If you chat with anyone who has a pet, they will often ooze unconditional love. And some will talk about their little family member as long as you’ll let them. The one with a character bigger than Ben-Hur. This furry or feathered friend can be the centre of some people’s worlds. And a neighbourhood icon!

Elderly man holding his dog
Feros Care goes against the grain, supporting the inclusion of companion animals in the lives of older people in residential care and in their own homes.

While they may be small in stature, our animal companions play a big role in strengthening neighbourhood ties, according to Associate Professor Lisa Wood. She’s from the Centre for Social Impact and School of Population Health at the University of WA and has studied this topic for years.

“For many pet owners, their pets also facilitated relationships from which they derived tangible forms of social support, both of a practical and emotionally supportive nature,”

She says pets can help to build “social capital”. By this she means they’re a positive predictor for mental health, crime deterrence, education, and community safety. In simpler terms, pets help to break down the barriers between strangers. After all, strangers are friends we don’t know yet, right?

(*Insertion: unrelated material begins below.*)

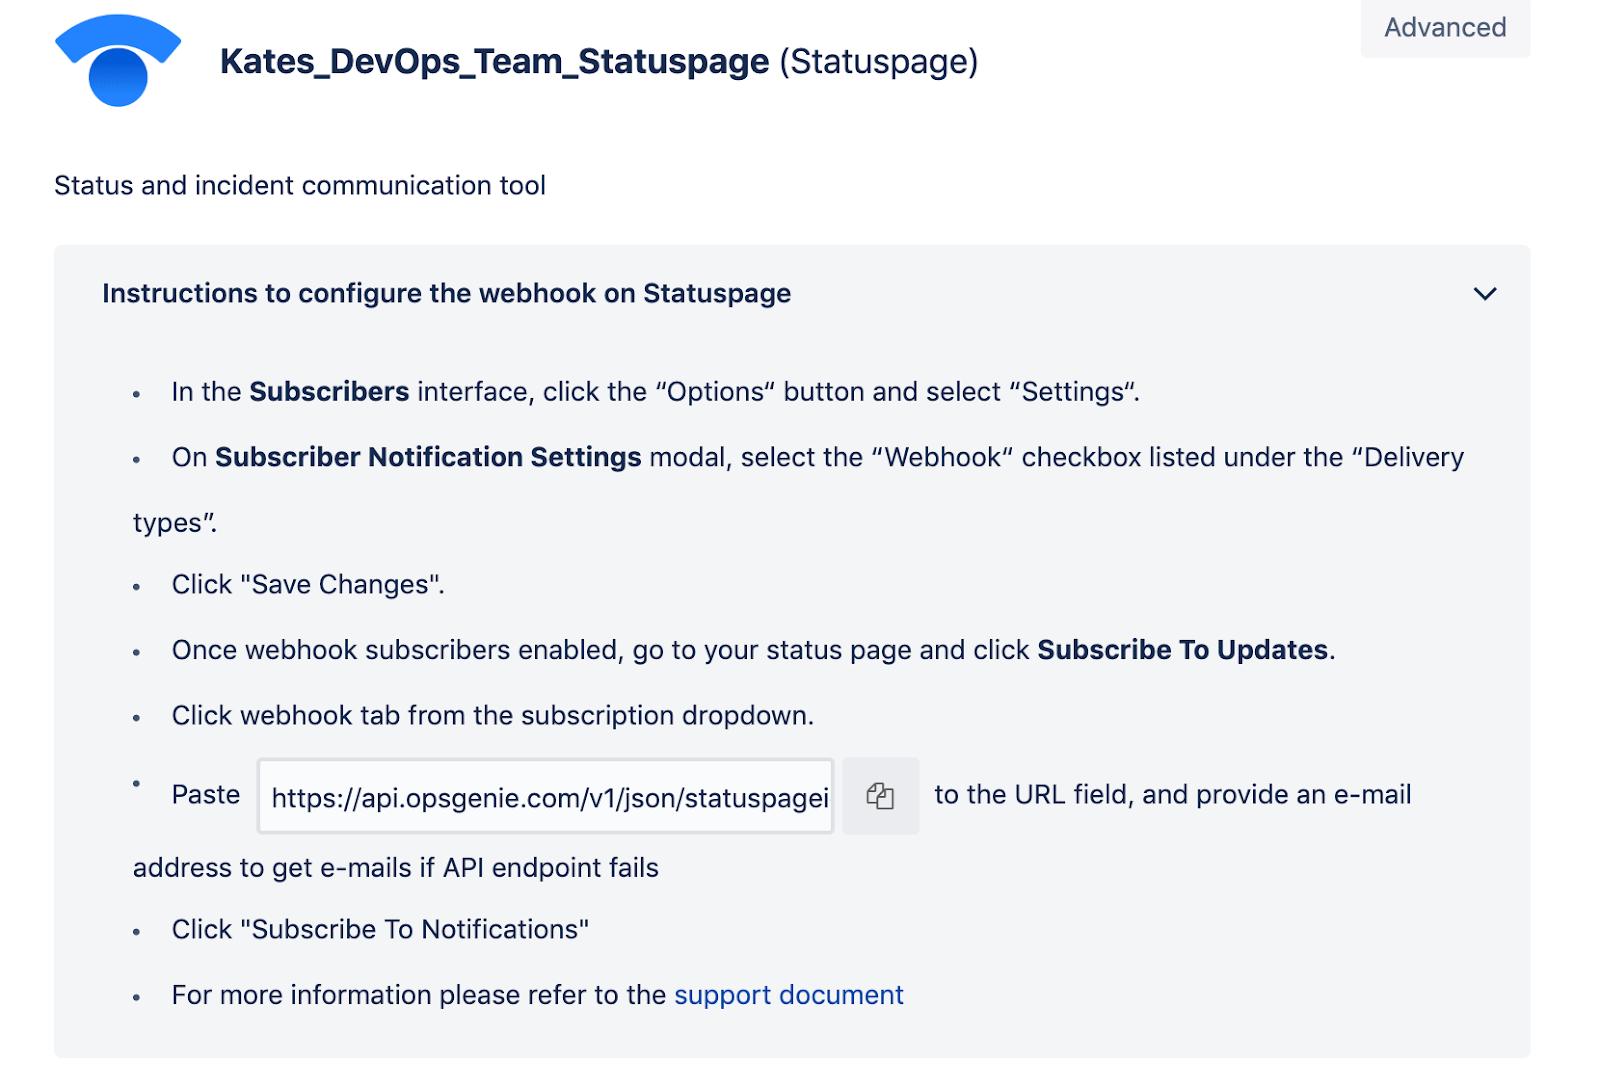 Instructions to configure webhook on Statuspage

Results of A/Professor Wood’s 2015 study on pets being a conduit for getting to know people showed pet owners were “significantly more likely to get to know people in their neighbourhood than non-pet owners”. The research suggests our little mates may be a catalyst for connecting with those who live nearby through incidental social interaction and forming new friendships.

“For many pet owners, their pets also facilitated relationships from which they derived tangible forms of social support, both of a practical and emotionally supportive nature,” the study states.

Given ageing populations, housing affordability and many people living in more concentrated areas, A/Prof Wood suggests society may need to rethink who can own a pet and where they can live. When two thirds of the population has a pet, she believes our towns and cities need to be pet-friendly.

Sadly, Australia remains ahead of many countries with a ‘no pets policy’ in many rentals, apartment complexes, and aged care facilities. However, Feros Care goes against the grain, supporting the inclusion of companion animals in the lives of older people in residential care and in their own homes.

“The potential for pets to enrich the social fabric of communities has strong appeal in an era of global uncertainty, frenetic ‘busyness’ and technology-driven communications,” A/Prof Wood says, adding pets may be an important factor in developing healthy neighbourhoods.

So, who’s for walkies then? Shall we go sniff out some new friends? Ruff!